Die Tierwelt von Madagaskar
Sollte es dich jemals auf eine einsame Insel verschlagen wie die tierischen Helden im Film Madagascar, und dir läuft ein Lemur über den Weg, dann bist du in Madagaskar gelandet. Kein Zweifel. Denn die kleinen Tiere mit den großen Augen gibt es nur hier! Lemuren sind aber nicht die einzigen Geschöpfe, die nur auf Madagaskar vorkommen. Mehr als neunzig Prozent aller Tiere leben nur hier und nirgendwo sonst auf der Welt.
Die einzigartige Tierwelt von Madagaskar
Die Insel wurde vor 150 Millionen Jahren von Afrika getrennt. Dadurch gibt es auf Madagaskar viele Tiere, die nirgendwo sonst auf der Erde vorkommen. Man nennt diese Tiere endemisch. Andererseits fehlen hier die großen Wildtiere, die sich auf dem afrikanischen Kontinent entwickelt haben wie Gorillas, Elefanten oder Giraffen. Über neunzig Prozent aller Tiere kommen nur hier vor! Zu diesen besonderen Tieren zählen die Lemuren. Die niedlichen Halbaffen gehören zu den Stars in dem Film Madagascar. Auf dem Foto unten siehst du einen Indris, die größte Lemurenart.

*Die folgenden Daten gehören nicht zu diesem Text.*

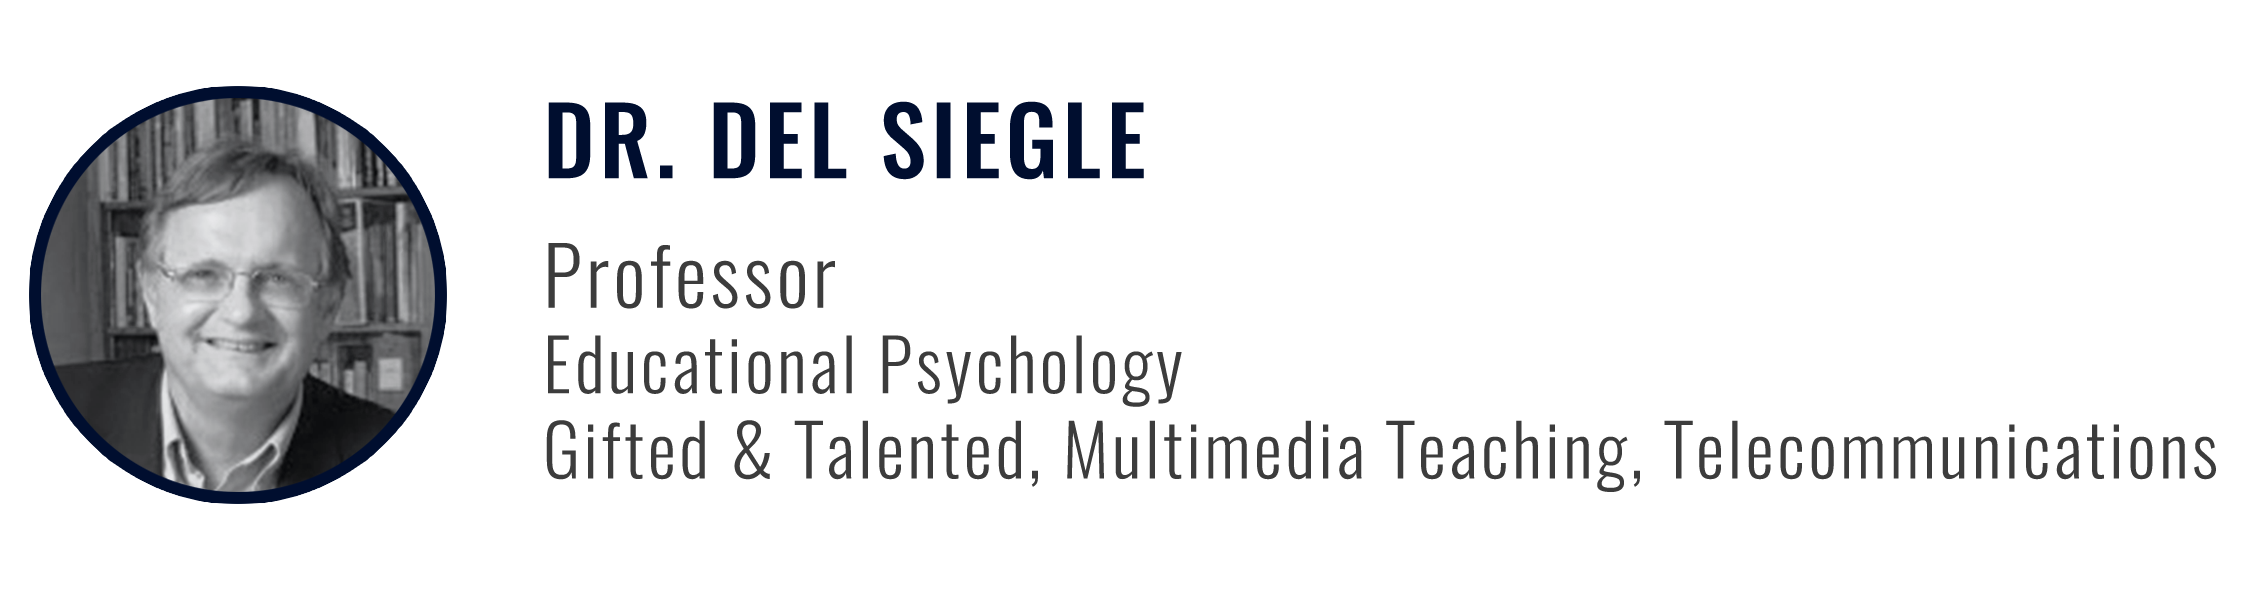 Dr. Del Siegle, Prof. Educational Psychology

Natürlich kommen auch viele Arten vor, die du niemals in dem Film sehen konntest wie selbstklebende Fledermäuse, Riesenratten und exotische Insekten. Die einzigartige Pflanzen- und Tierwelt ist durch die rasch wachsende Bevölkerung leider stark bedroht.

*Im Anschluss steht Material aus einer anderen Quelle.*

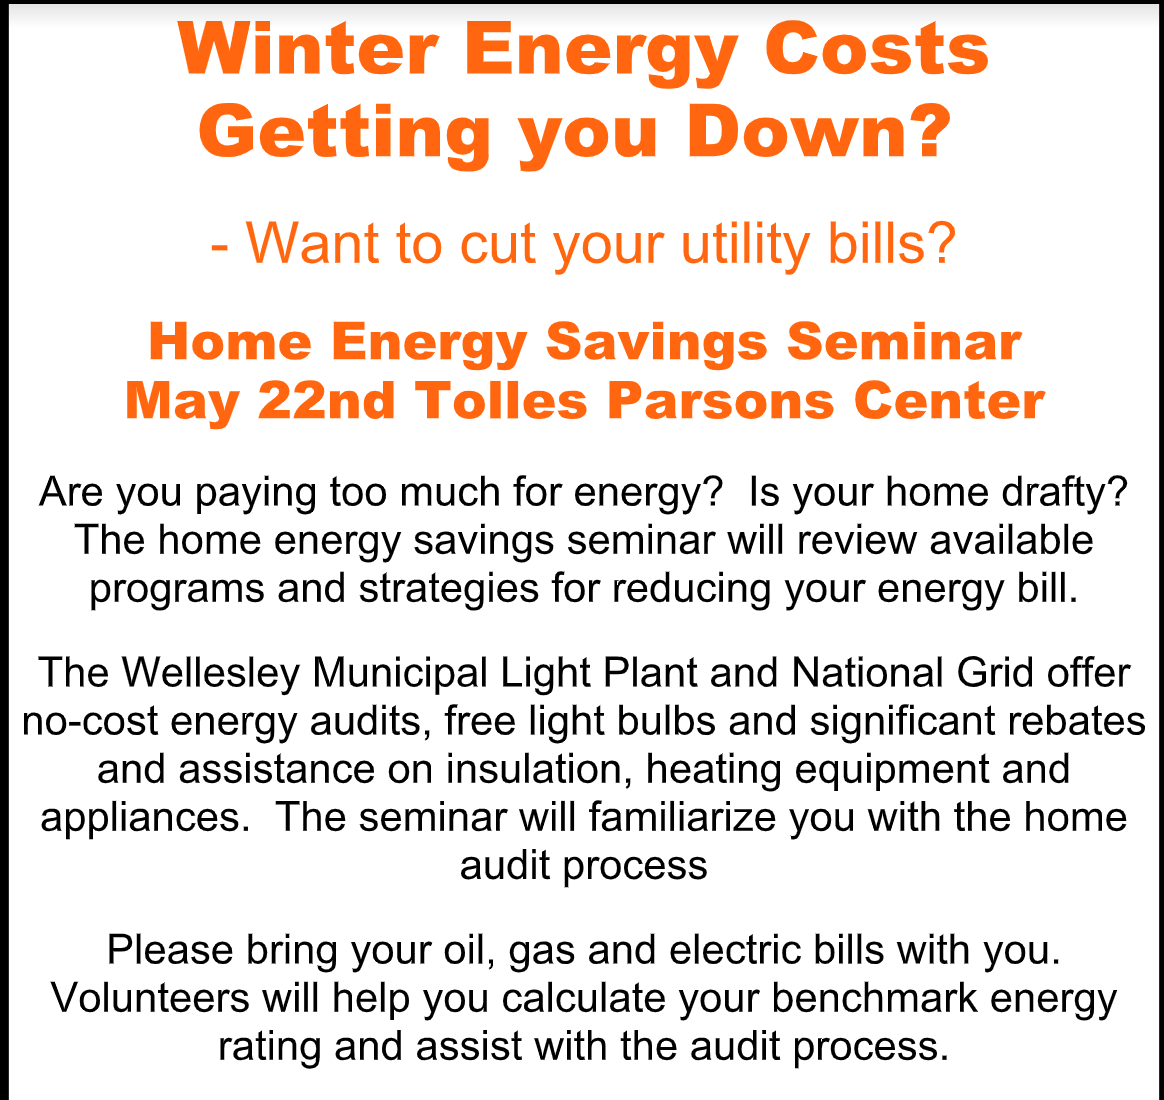 Energy savings, Wellesley

Lemuren – die cleveren Halbaffen von Madagaskar
Julian, Maurice und Mort aus dem Film Madagascar haben viele dazu bewegt, sich mehr für die aufgeweckten Halbaffen zu interessieren. Seitdem wissen wir einiges über die Lemuren: sie sind keine Einzelgänger, sie sind musikalisch und sie tanzen gern. Abgesehen davon, dass sie ganz schön eigenwillig sein können. Tatsache ist, dass mehr als 100 Arten von Lemuren durch die Wälder von Madagaskar toben. Und immer wieder werden neue Arten entdeckt. Die Mehrzahl ist leider bedroht. Lemuren leben in den Regenwäldern im Osten des Landes und in den Baobabwäldern. Leider verschwinden die Wälder auf der Insel immer mehr. Dabei hätten wir Menschen alles Interesse, die niedlichen Baumbewohner zu schützen. Die urzeitlichen Insektenfresser gelten als Urahnen aller Primaten, zu denen Affen zählen und letztlich auch wir Menschen. An ihren Genen konnte man feststellen, dass sie zu einer älteren Entwicklungsform gehören als "moderne" Affen wie Paviane oder Schimpansen.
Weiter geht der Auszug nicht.